[Exercise data Boundary: Start]
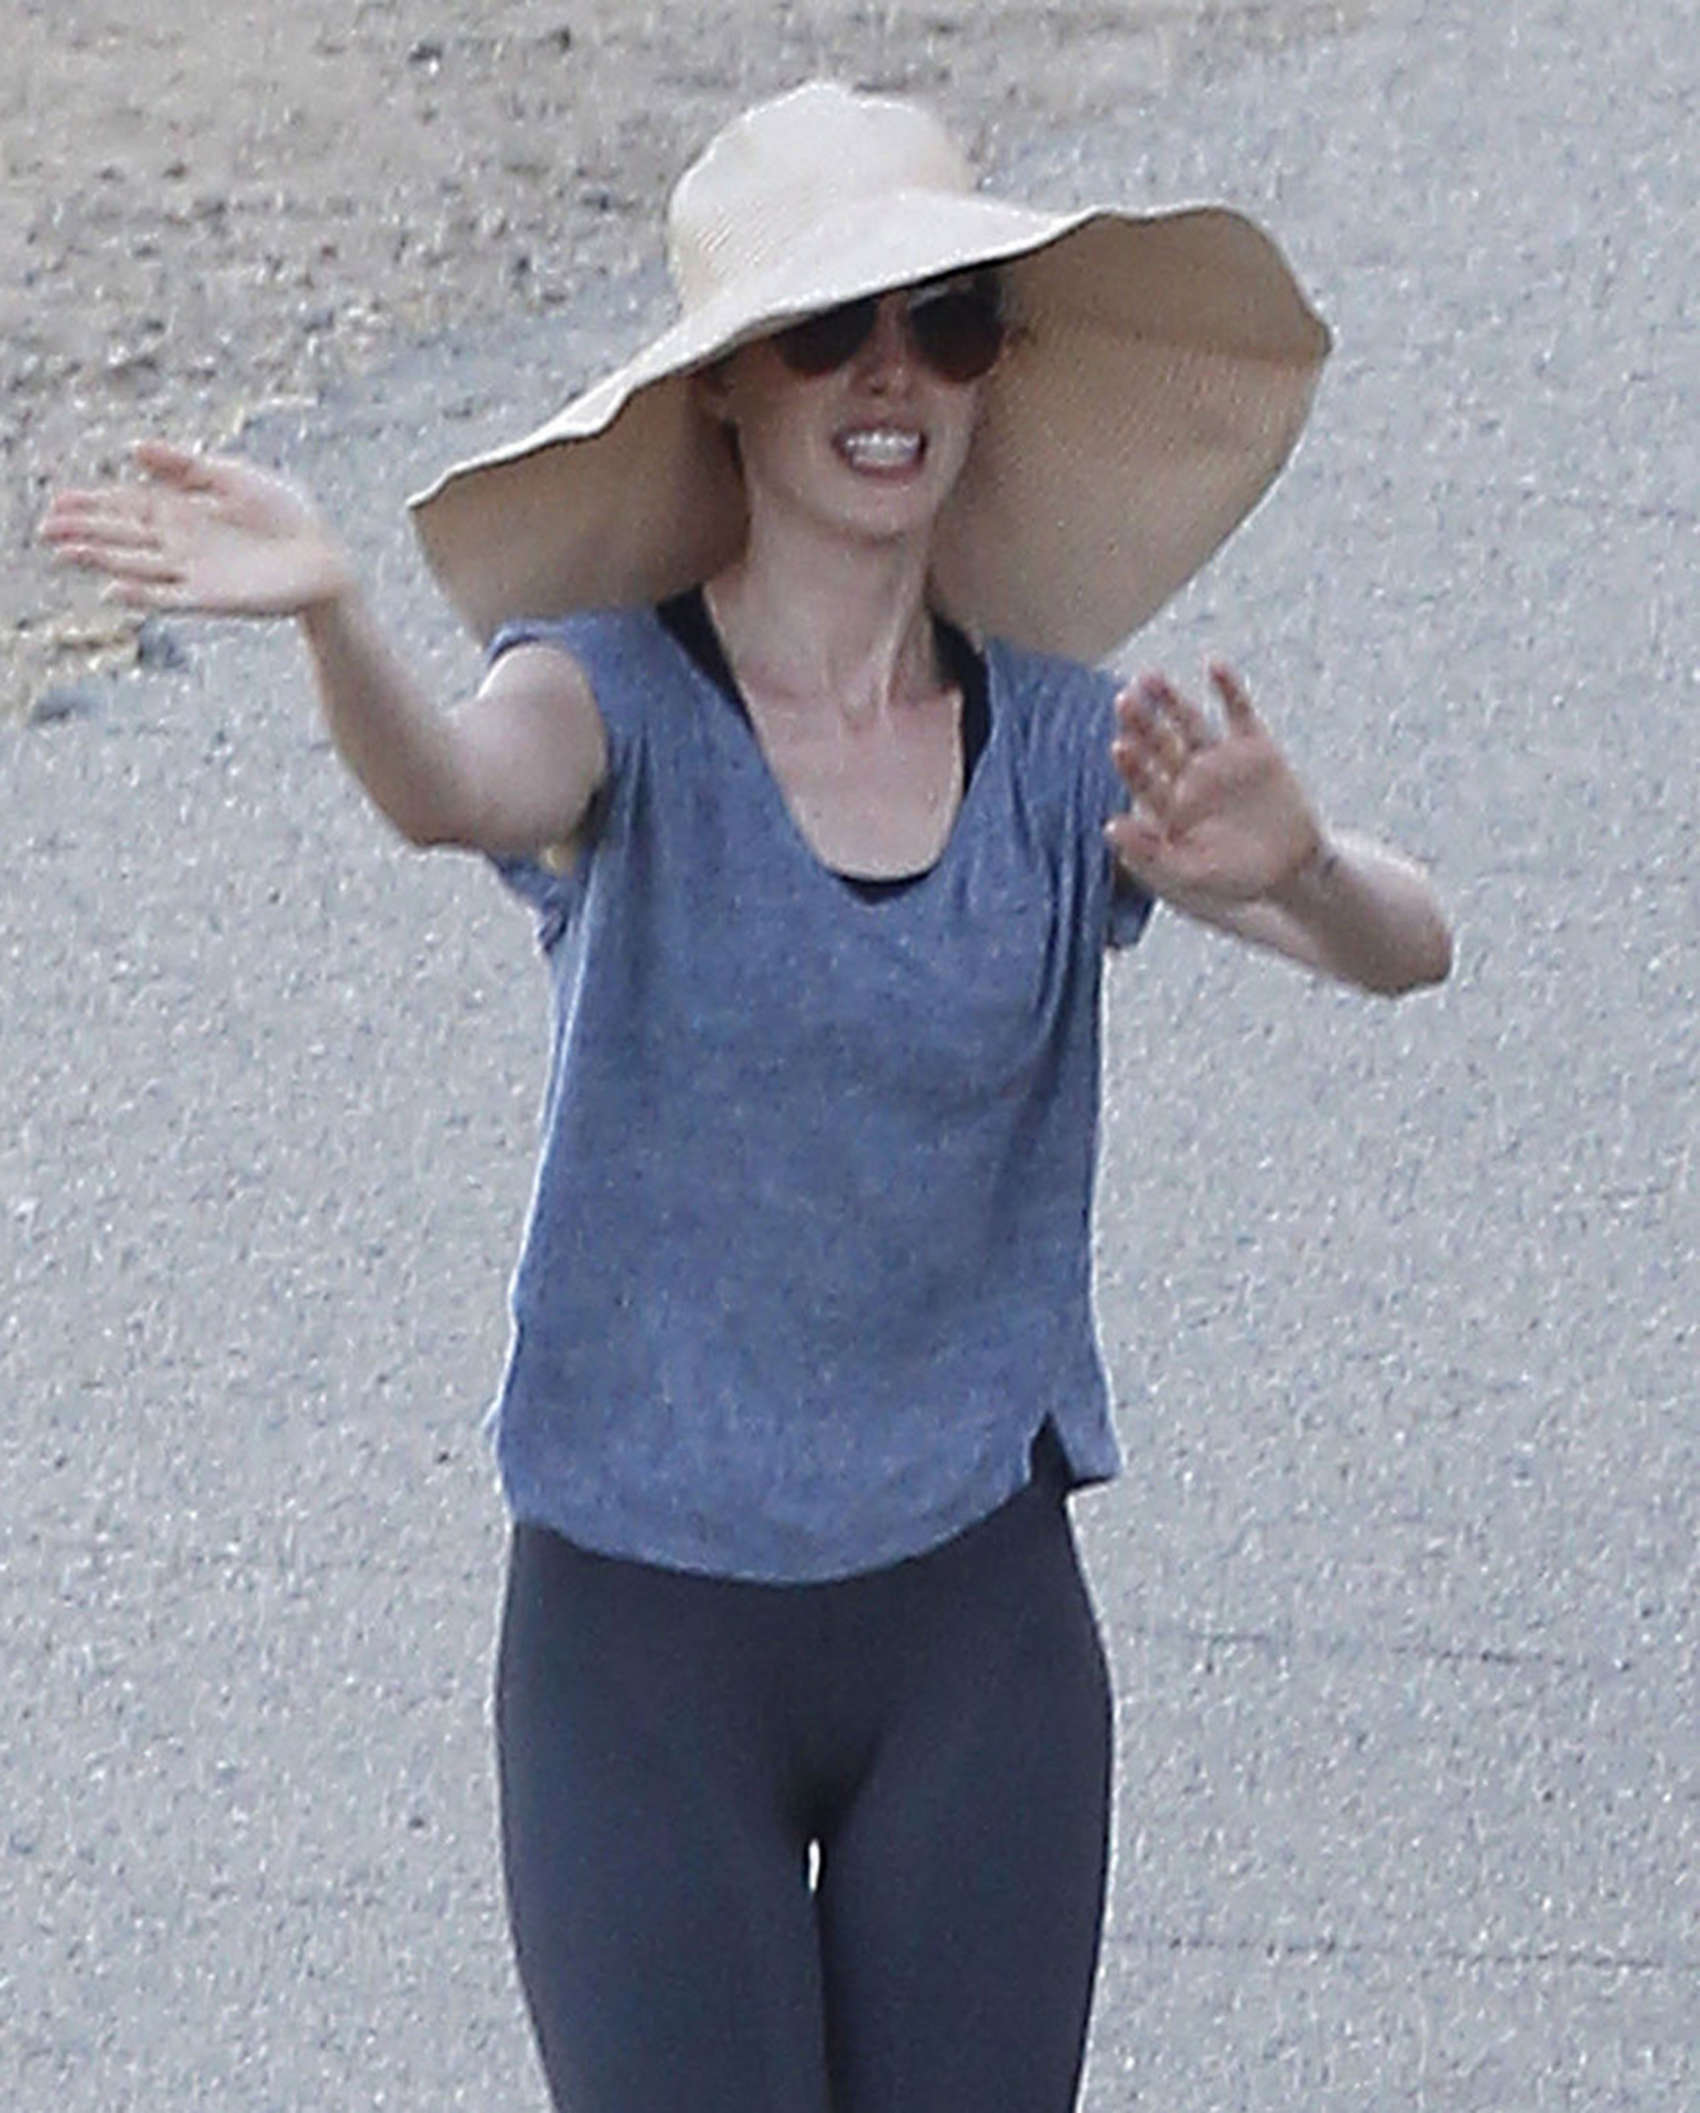 Anne Hathaway out and about candids in Los Angeles
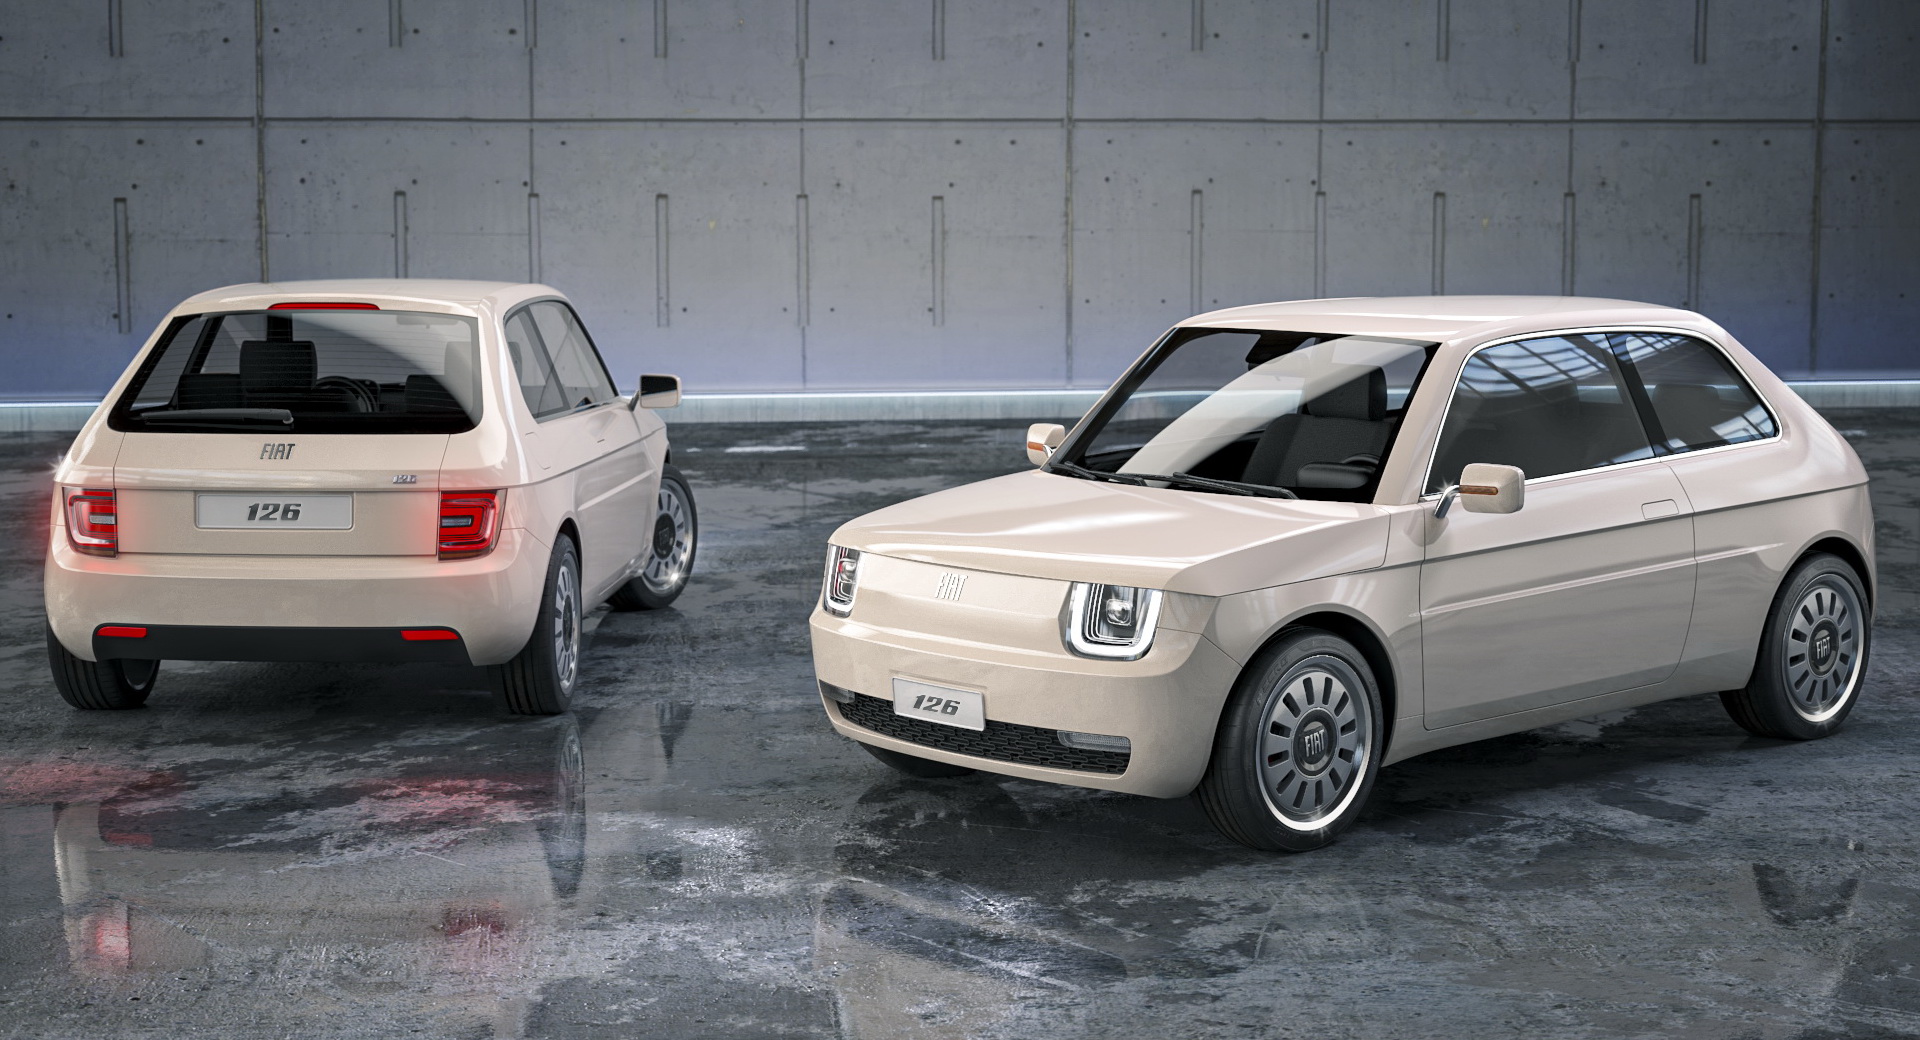 Reviving The Fiat 126 As A Modern Electric City Car Is Pure Eye Candy
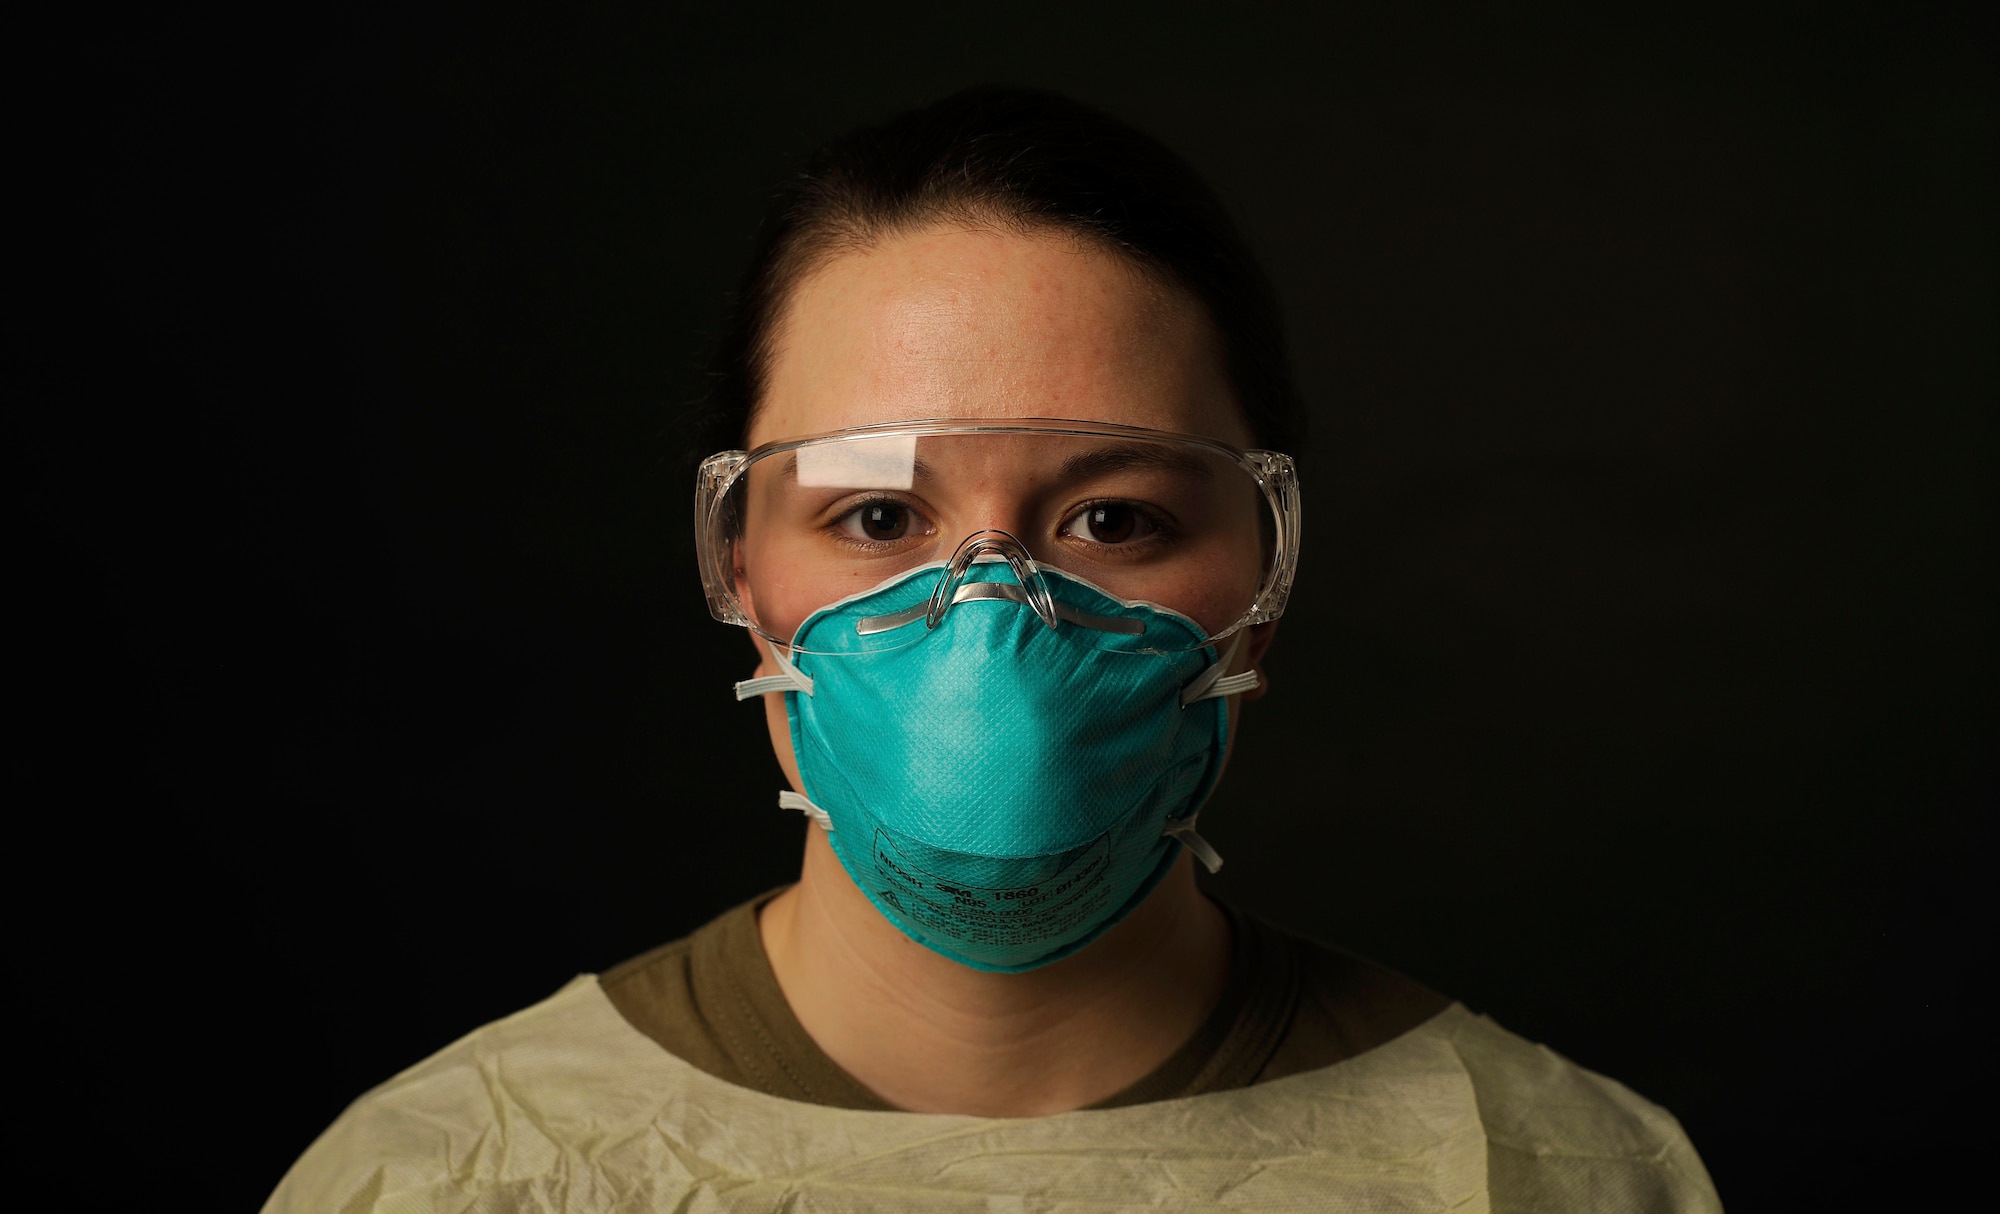 U.S. Air Force Senior Airman Toula Farnsworth, a 354th Operational Medical Readiness Squadron medical technician, poses for a photo in COVID-19 proper protective equipment on Eielson Air Force Base, Alaska, Jan. 19, 2021. Farnsworth is responsible for administering the COVID-19 test and ensuring the test is accurate by preventing cross-contamination. (U.S. Air Force photo by Senior Airman Beaux Hebert)
[Exercise data Boundary: End]
=== Exercise ===
Leave out every picture and copy verbatim the lines running from the line containing "Reviving The Fiat" through the final line of the data.

=== Solution ===
 Reviving The Fiat 126 As A Modern Electric City Car Is Pure Eye Candy
 U.S. Air Force Senior Airman Toula Farnsworth, a 354th Operational Medical Readiness Squadron medical technician, poses for a photo in COVID-19 proper protective equipment on Eielson Air Force Base, Alaska, Jan. 19, 2021. Farnsworth is responsible for administering the COVID-19 test and ensuring the test is accurate by preventing cross-contamination. (U.S. Air Force photo by Senior Airman Beaux Hebert)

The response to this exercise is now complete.